Figure 4. scRNA-seq library statistics for Deng et al. (Deng et al. 2014). Modified from original paper.
In real life, usually 1,000,000 reads per cell is pretty good depth. Proportionally, there are around 4.5 mapped reads per mutation site. Let’s change the read depth parameter RD
and see how well DENDRO performs.
res=DENDRO.simulation(RD=4.5,n=100,ref=ref,k=4,subtype=1)

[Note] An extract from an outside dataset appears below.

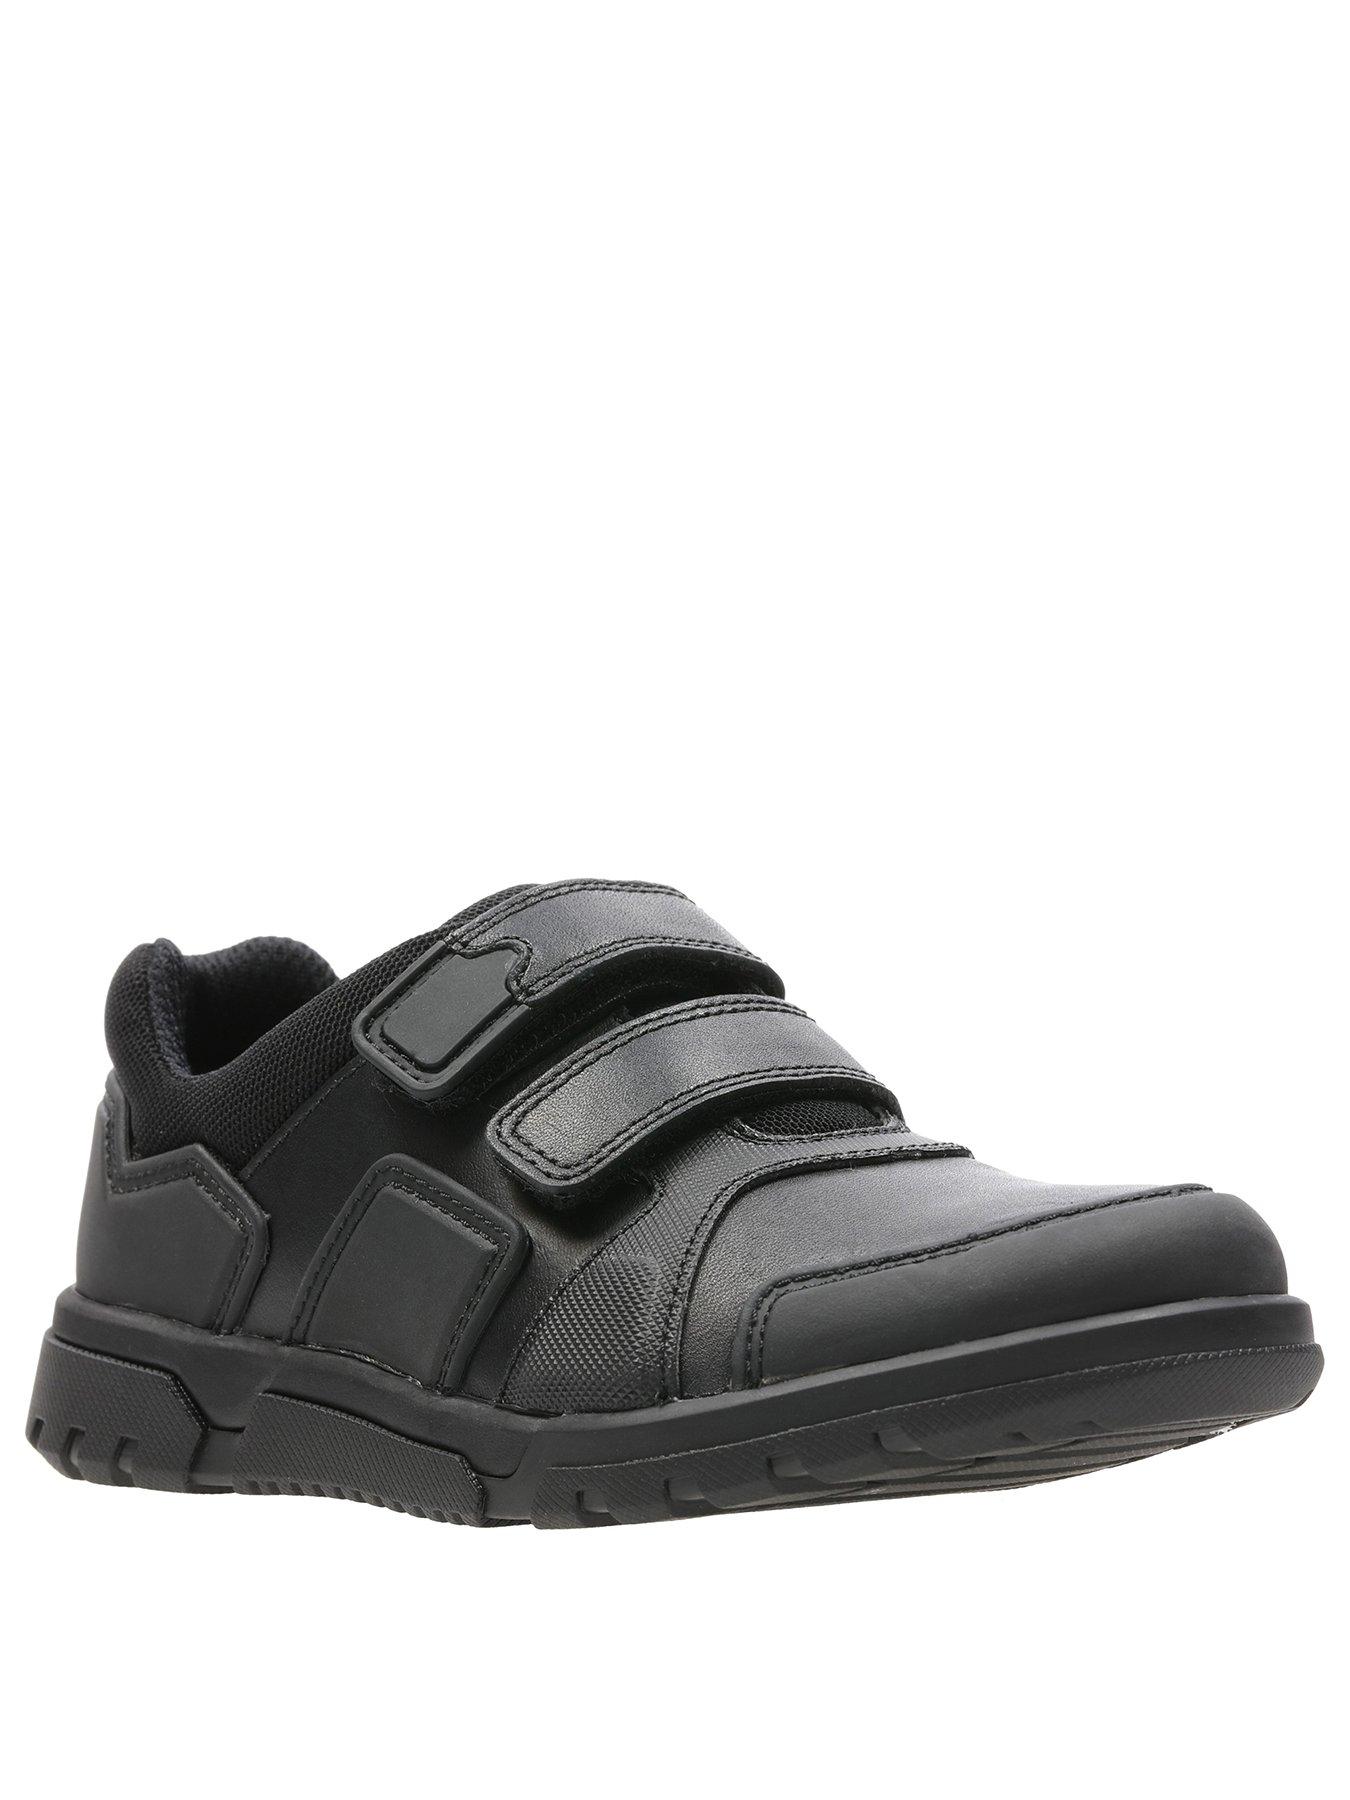 clarks black toddler shoes

#> There are total 4 clades in our simulation
res
#> AdjustedRandIndex Capture rate Purity Observation probability
#> CI_low 0.5795291 0.6521739 0.6206897 NA
#> Mean 0.8090934 0.9205561 0.9324983 1
#> CI_up 0.9730729 1.0000000 1.0000000 NA
Feel free to play with different parameters. The detailed function document can be found by typing ??DENDRO.simulation
in R.
sessionInfo()
#> R version 3.5.3 (2019-03-11)
#> Platform: x86_64-w64-mingw32/x64 (64-bit)

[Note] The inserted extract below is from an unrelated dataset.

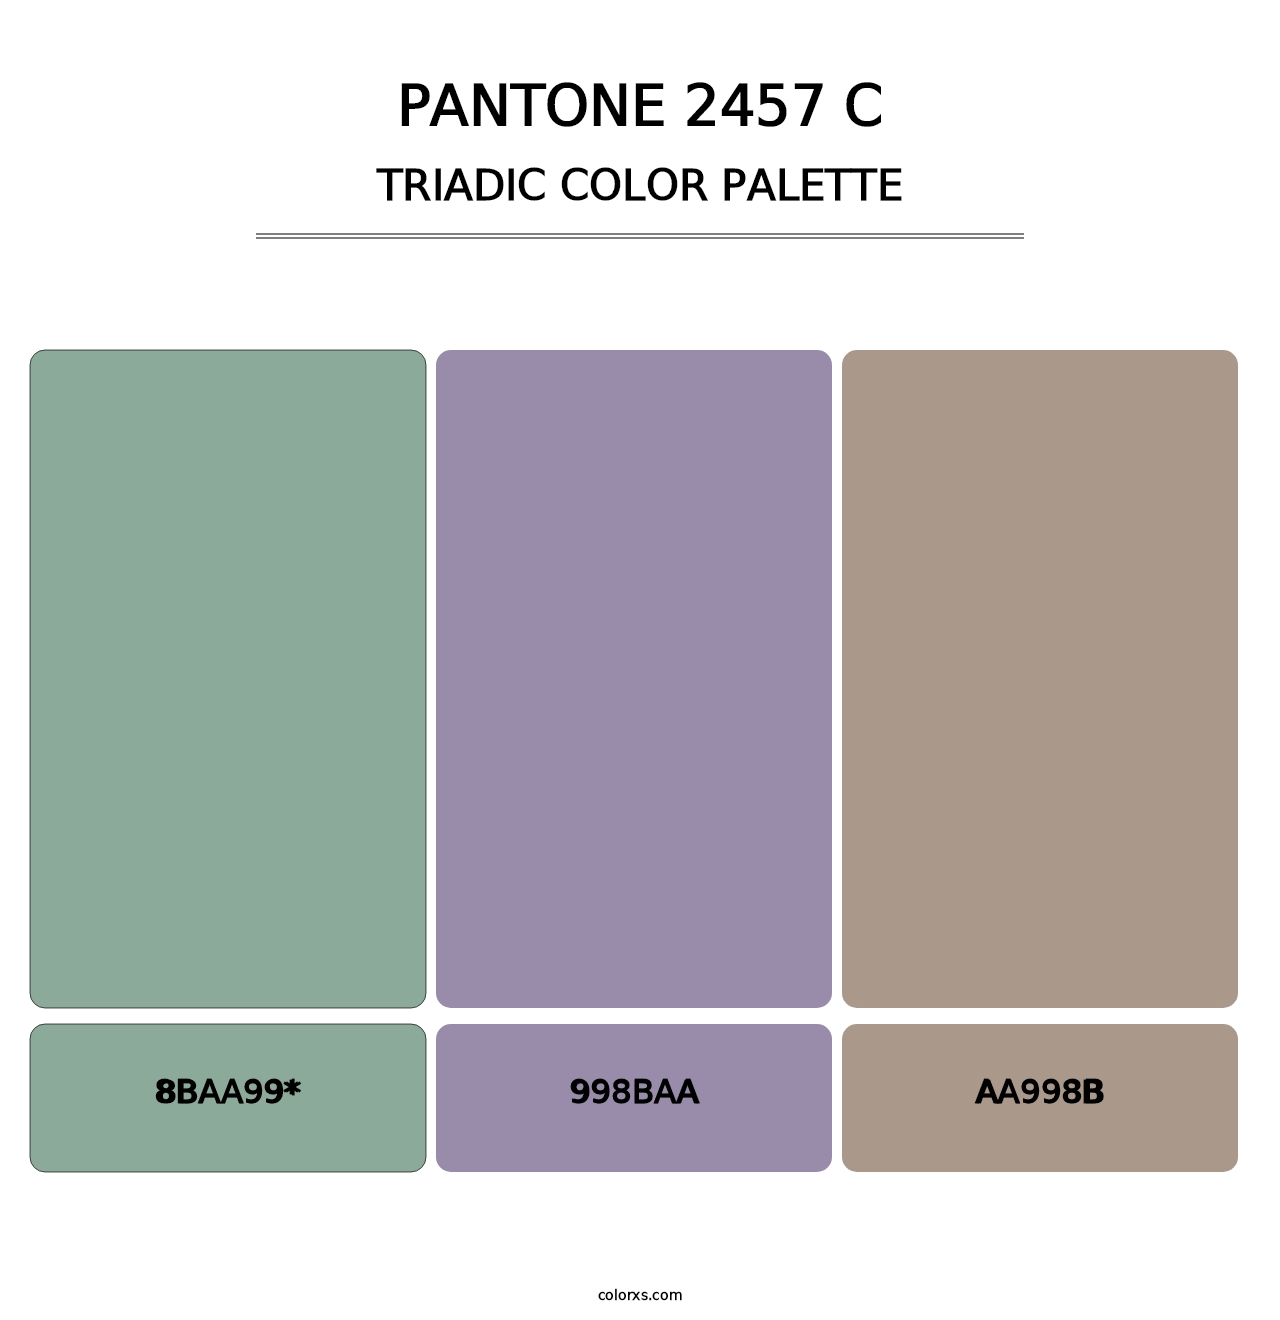 PANTONE 2457 C - Triadic Color Palette

#> Running under: Windows 10 x64 (build 17134)
#>
#> Matrix products: default
#>
#> locale:
#> [1] LC_COLLATE=English_United States.1252
#> [2] LC_CTYPE=English_United States.1252
#> [3] LC_MONETARY=English_United States.1252
#> [4] LC_NUMERIC=C
#> [5] LC_TIME=English_United States.1252
#>
#> attached base packages:
#> [1] stats graphics grDevices utils datasets methods base
#>
#> other attached packages:
#> [1] DENDRO_0.1.1 ggplot2_3.1.1 mclust_5.4.3
#> [4] phyclust_0.1-24 colorspace_1.4-1 svMisc_1.1.0
#> [7] phangorn_2.5.3 ape_5.3 dendextend_1.10.0
#> [10] TailRank_3.2.1 oompaBase_3.2.6
#>
#> loaded via a namespace (and not attached):
#> [1] Rcpp_1.0.1 mvtnorm_1.0-10 lattice_0.20-38
#> [4] class_7.3-15 assertthat_0.2.1 digest_0.6.18
#> [7] R6_2.4.0 plyr_1.8.4 stats4_3.5.3
#> [10] evaluate_0.13 pillar_1.3.1 rlang_0.3.4
#> [13] lazyeval_0.2.2 diptest_0.75-7 whisker_0.3-2
#> [16] kernlab_0.9-27 Matrix_1.2-15 rmarkdown_1.12
#> [19] labeling_0.3 stringr_1.4.0 igraph_1.2.4
#> [22] munsell_0.5.0 compiler_3.5.3 xfun_0.5
#> [25] pkgconfig_2.0.2 BiocGenerics_0.28.0 htmltools_0.3.6
#> [28] nnet_7.3-12 tidyselect_0.2.5 tibble_2.1.1
#> [31] gridExtra_2.3 quadprog_1.5-5 viridisLite_0.3.0
#> [34] crayon_1.3.4 dplyr_0.8.0.1 withr_2.1.2
#> [37] MASS_7.3-51.1 grid_3.5.3 nlme_3.1-137
#> [40] gtable_0.3.0 magrittr_1.5 scales_1.0.0
#> [43] stringi_1.4.3 viridis_0.5.1 flexmix_2.3-15
#> [46] robustbase_0.93-4 fastmatch_1.1-0 tools_3.5.3
#> [49] fpc_2.1-11.1 Biobase_2.42.0 glue_1.3.1
#> [52] trimcluster_0.1-2.1 DEoptimR_1.0-8 purrr_0.3.2
#> [55] parallel_3.5.3 yaml_2.2.0 oompaData_3.1.1
#> [58] cluster_2.0.7-1 prabclus_2.2-7 knitr_1.22
#> [61] modeltools_0.2-22
Deng, Qiaolin, Daniel Ramsköld, Björn Reinius, and Rickard Sandberg. 2014. “Single-Cell Rna-Seq Reveals Dynamic, Random Monoallelic Gene Expression in Mammalian Cells.” Science 343 (6167). American Association for the Advancement of Science: 193–96. doi:10.1126/science.1245316.